Data excerpt:
··········

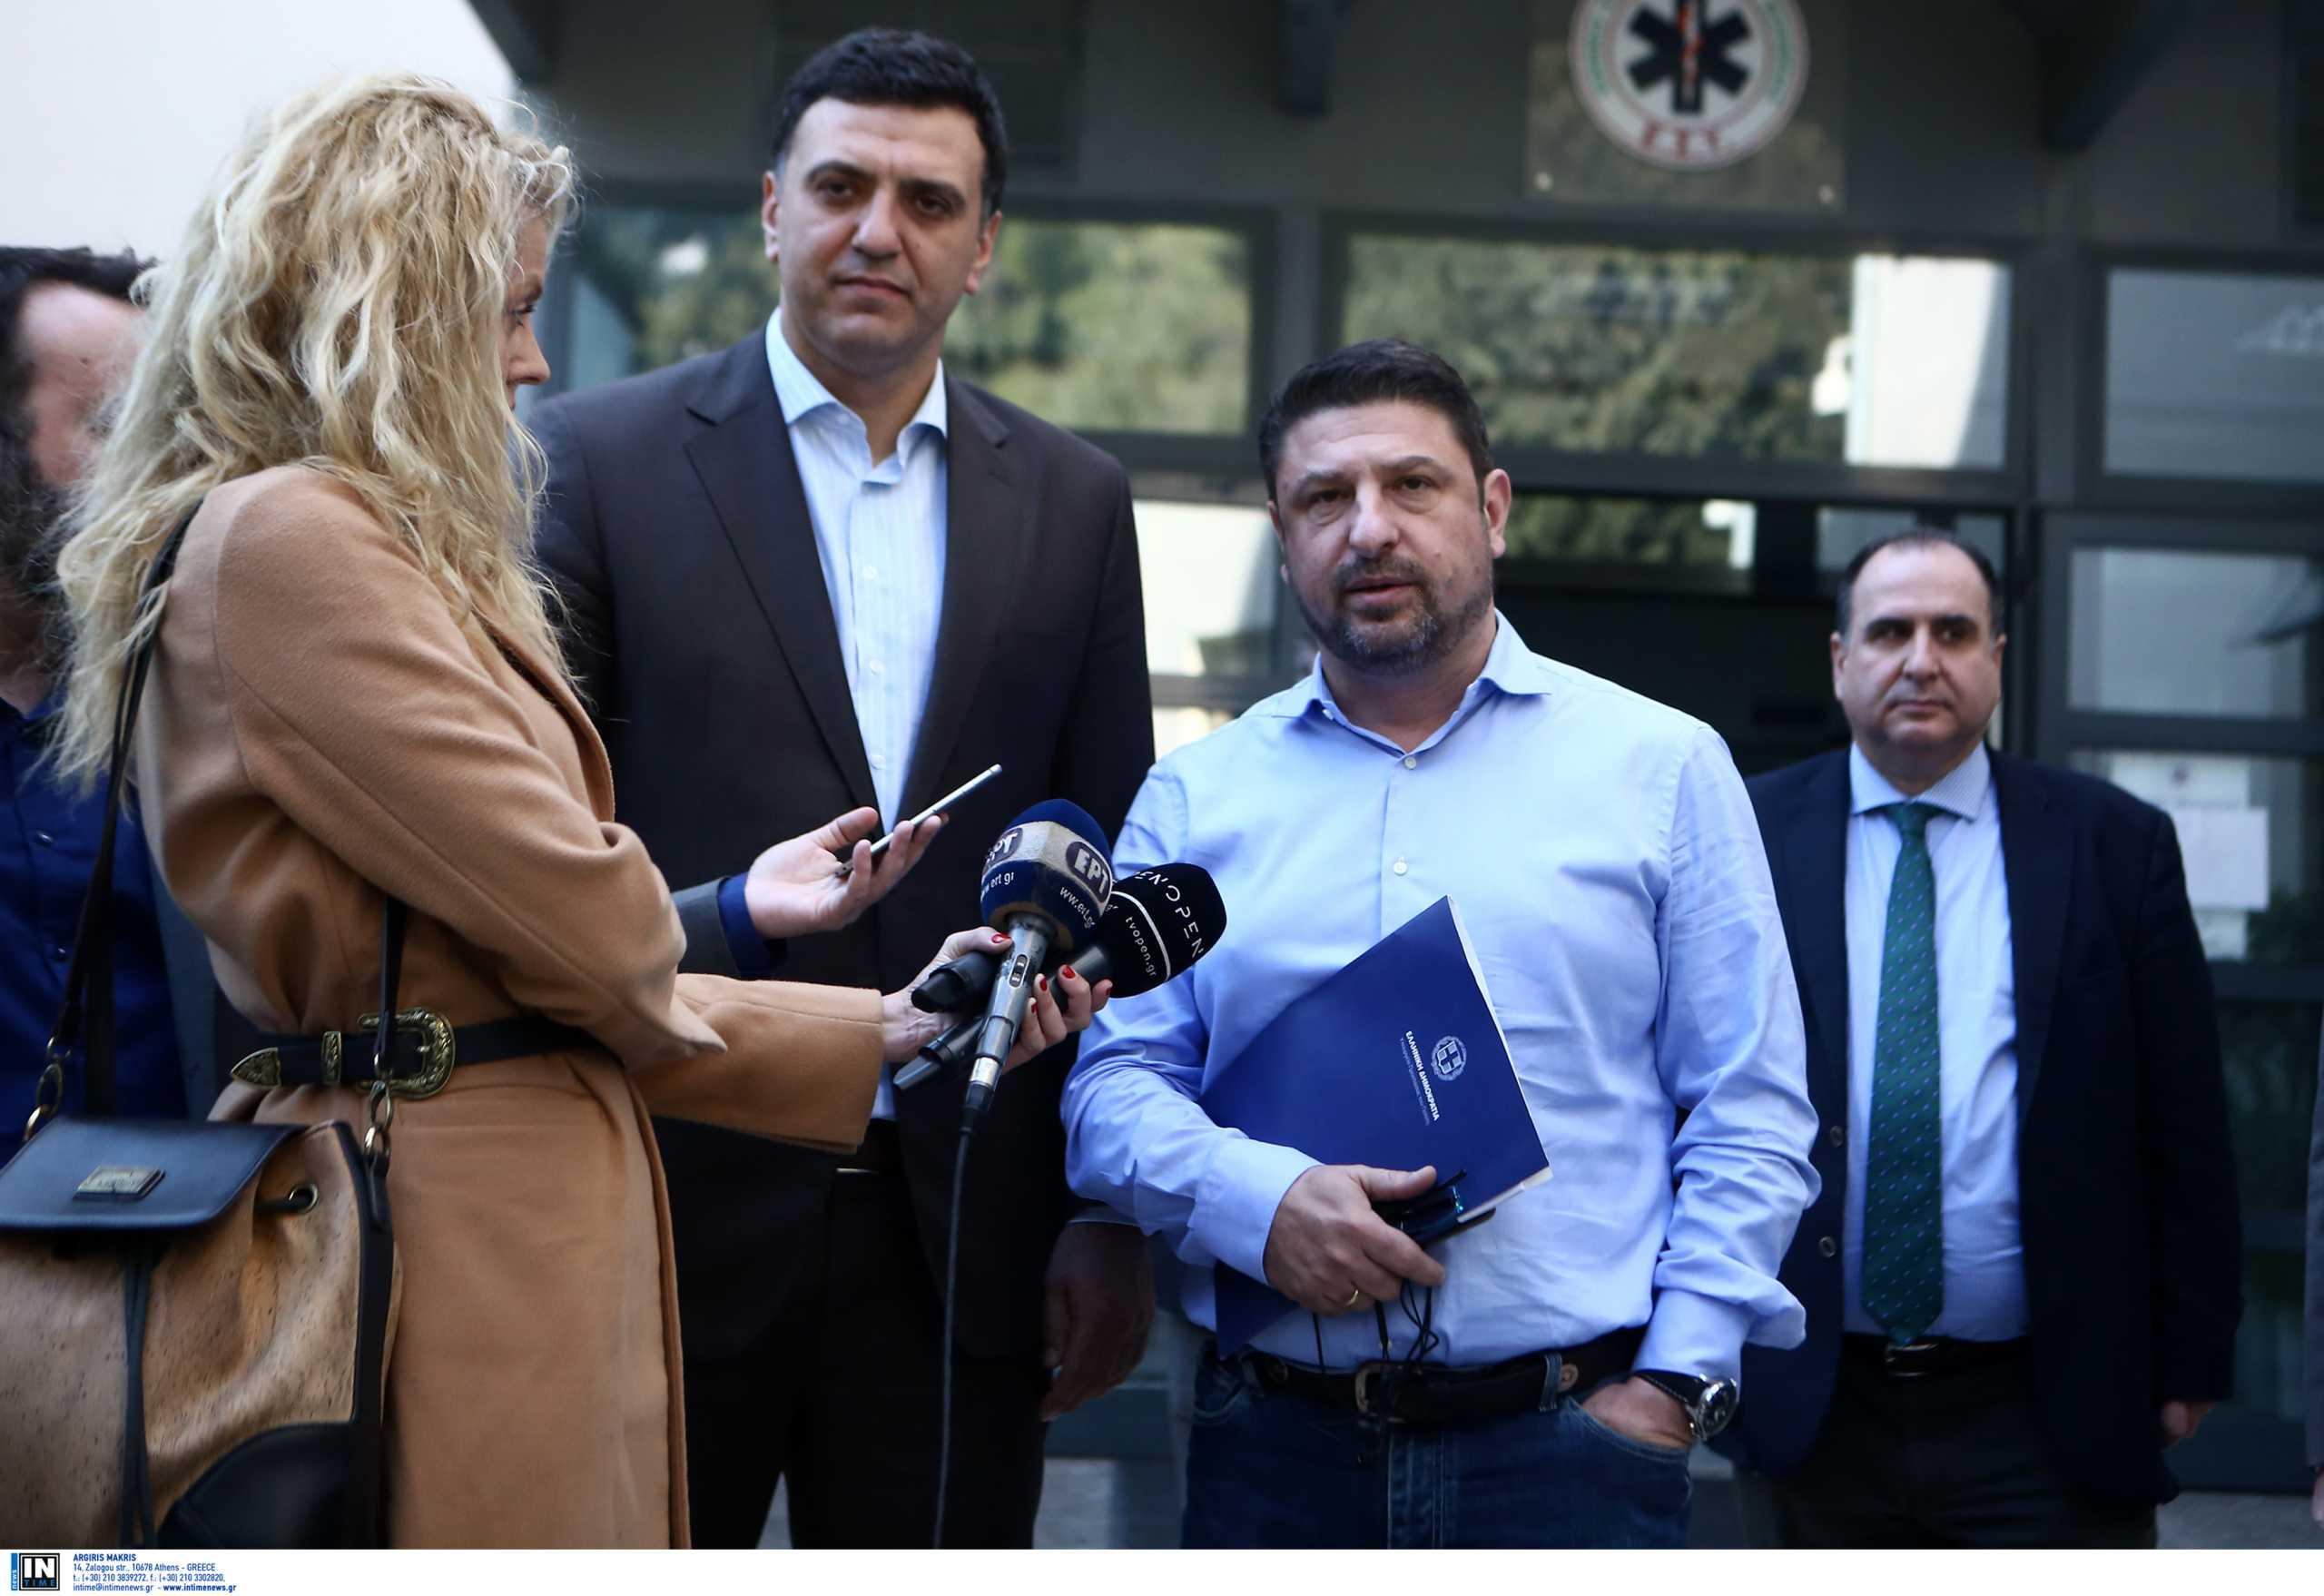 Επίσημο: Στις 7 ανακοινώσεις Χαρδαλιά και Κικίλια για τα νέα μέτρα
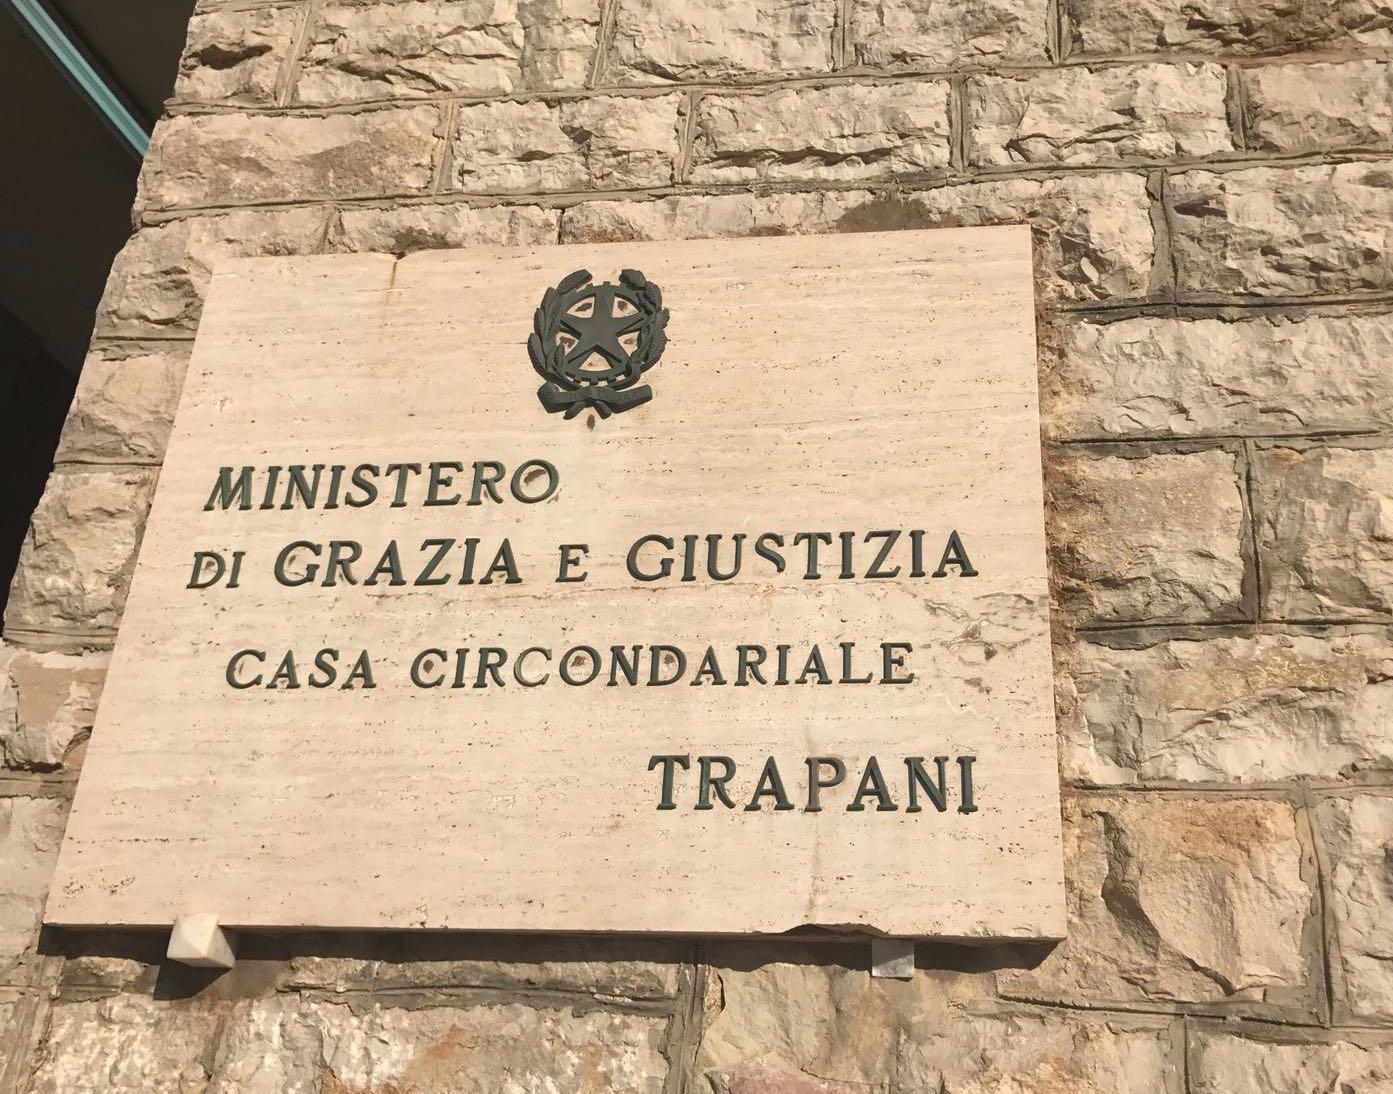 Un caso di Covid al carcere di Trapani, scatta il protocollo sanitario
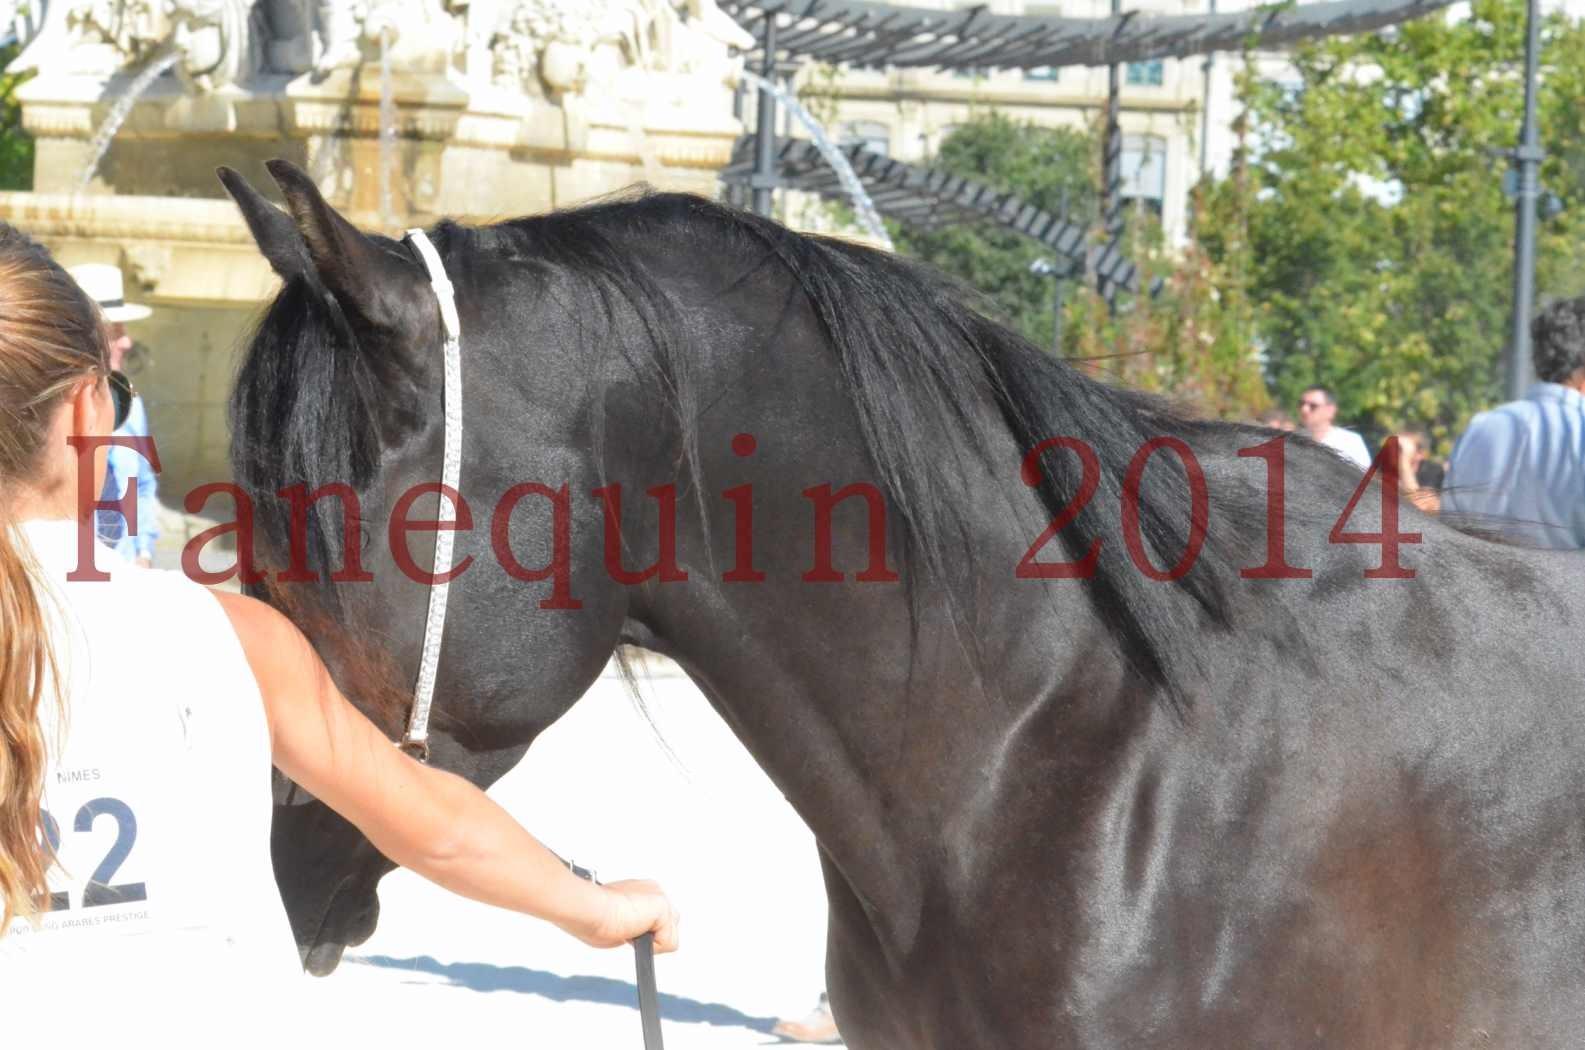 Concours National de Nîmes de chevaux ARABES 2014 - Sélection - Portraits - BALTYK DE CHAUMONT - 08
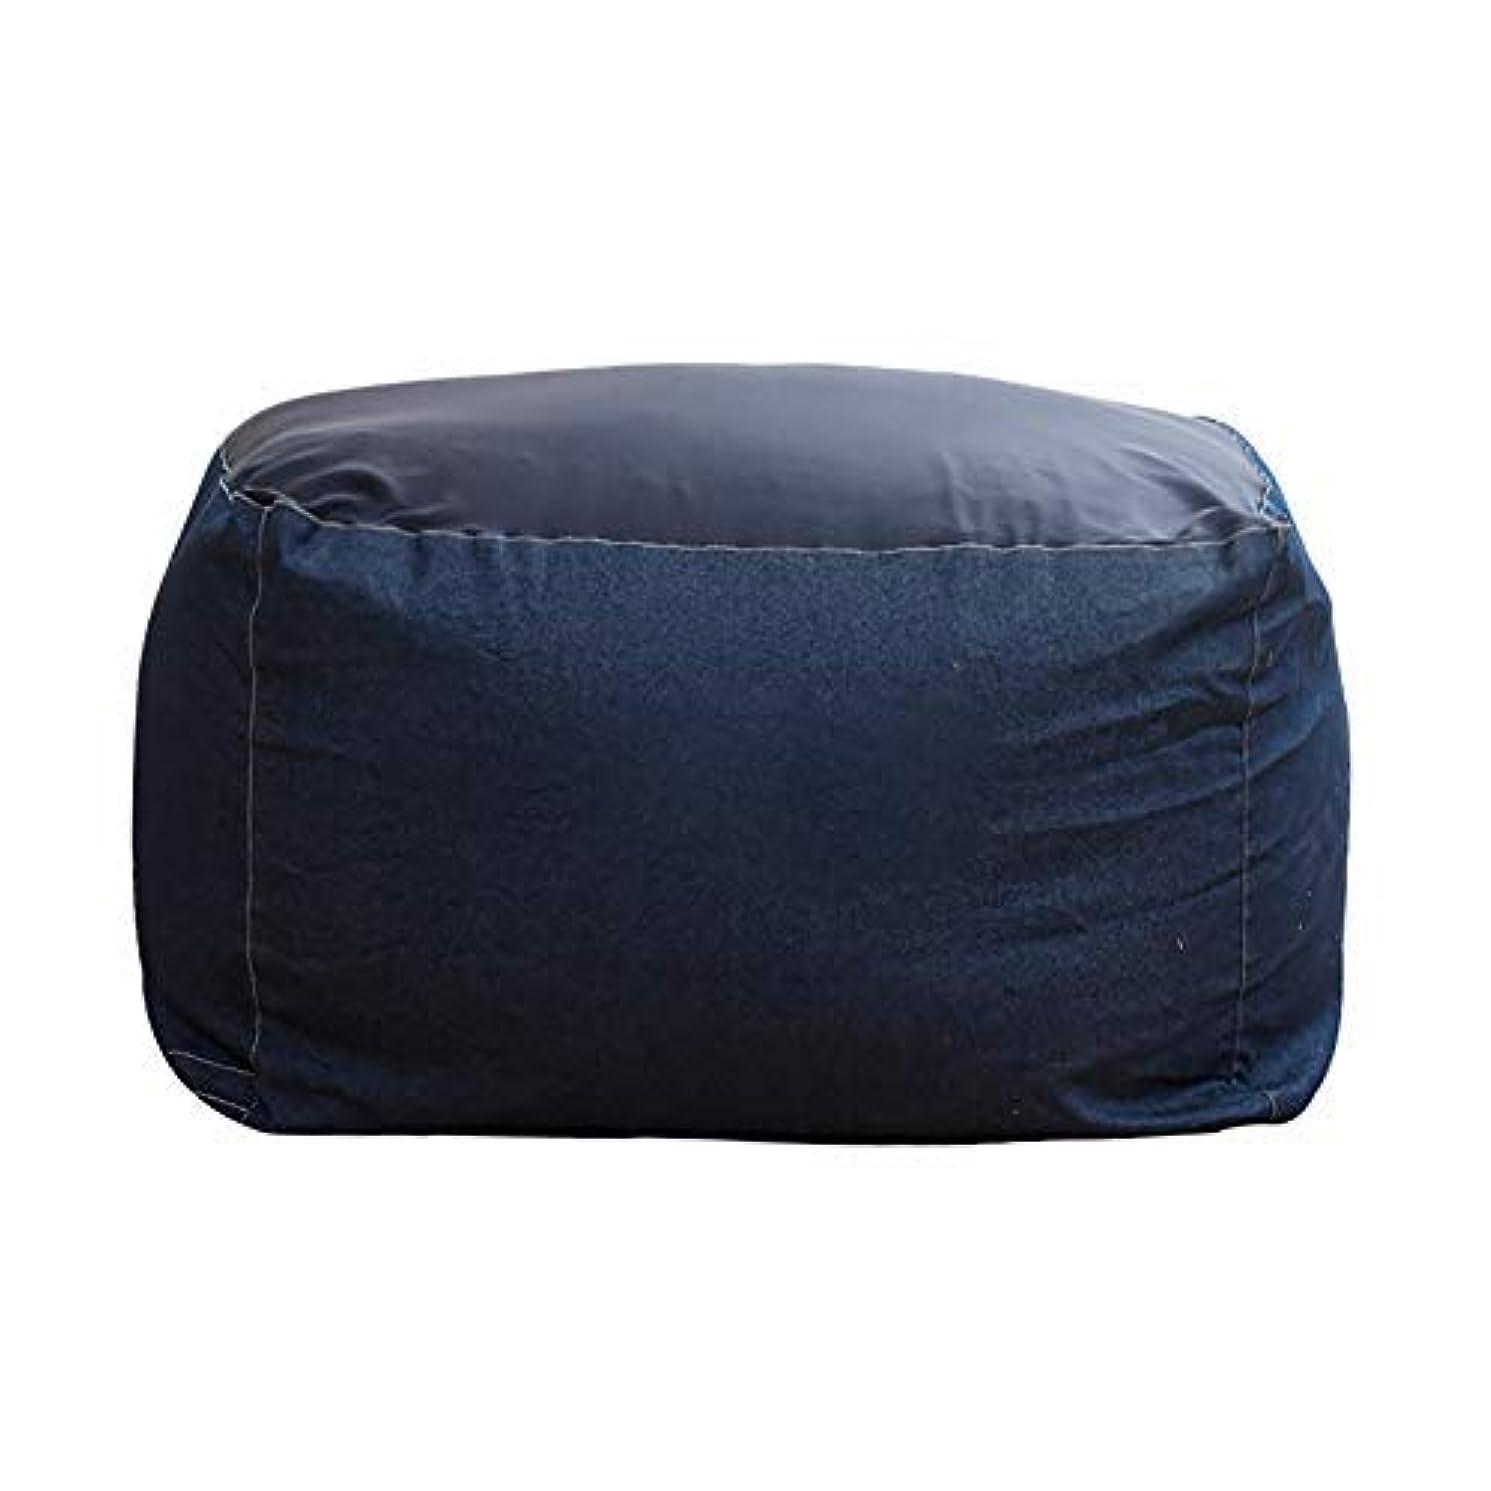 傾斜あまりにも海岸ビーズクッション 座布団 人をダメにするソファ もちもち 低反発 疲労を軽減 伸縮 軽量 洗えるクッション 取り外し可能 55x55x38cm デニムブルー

··········

Required action: Starting with the line that contains "Un caso di Covid" and ending with the last line of the data above, transcribe exactly those lines and no others, without pictures.

Solution to this problem:
 Un caso di Covid al carcere di Trapani, scatta il protocollo sanitario
 Concours National de Nîmes de chevaux ARABES 2014 - Sélection - Portraits - BALTYK DE CHAUMONT - 08
 傾斜あまりにも海岸ビーズクッション 座布団 人をダメにするソファ もちもち 低反発 疲労を軽減 伸縮 軽量 洗えるクッション 取り外し可能 55x55x38cm デニムブルー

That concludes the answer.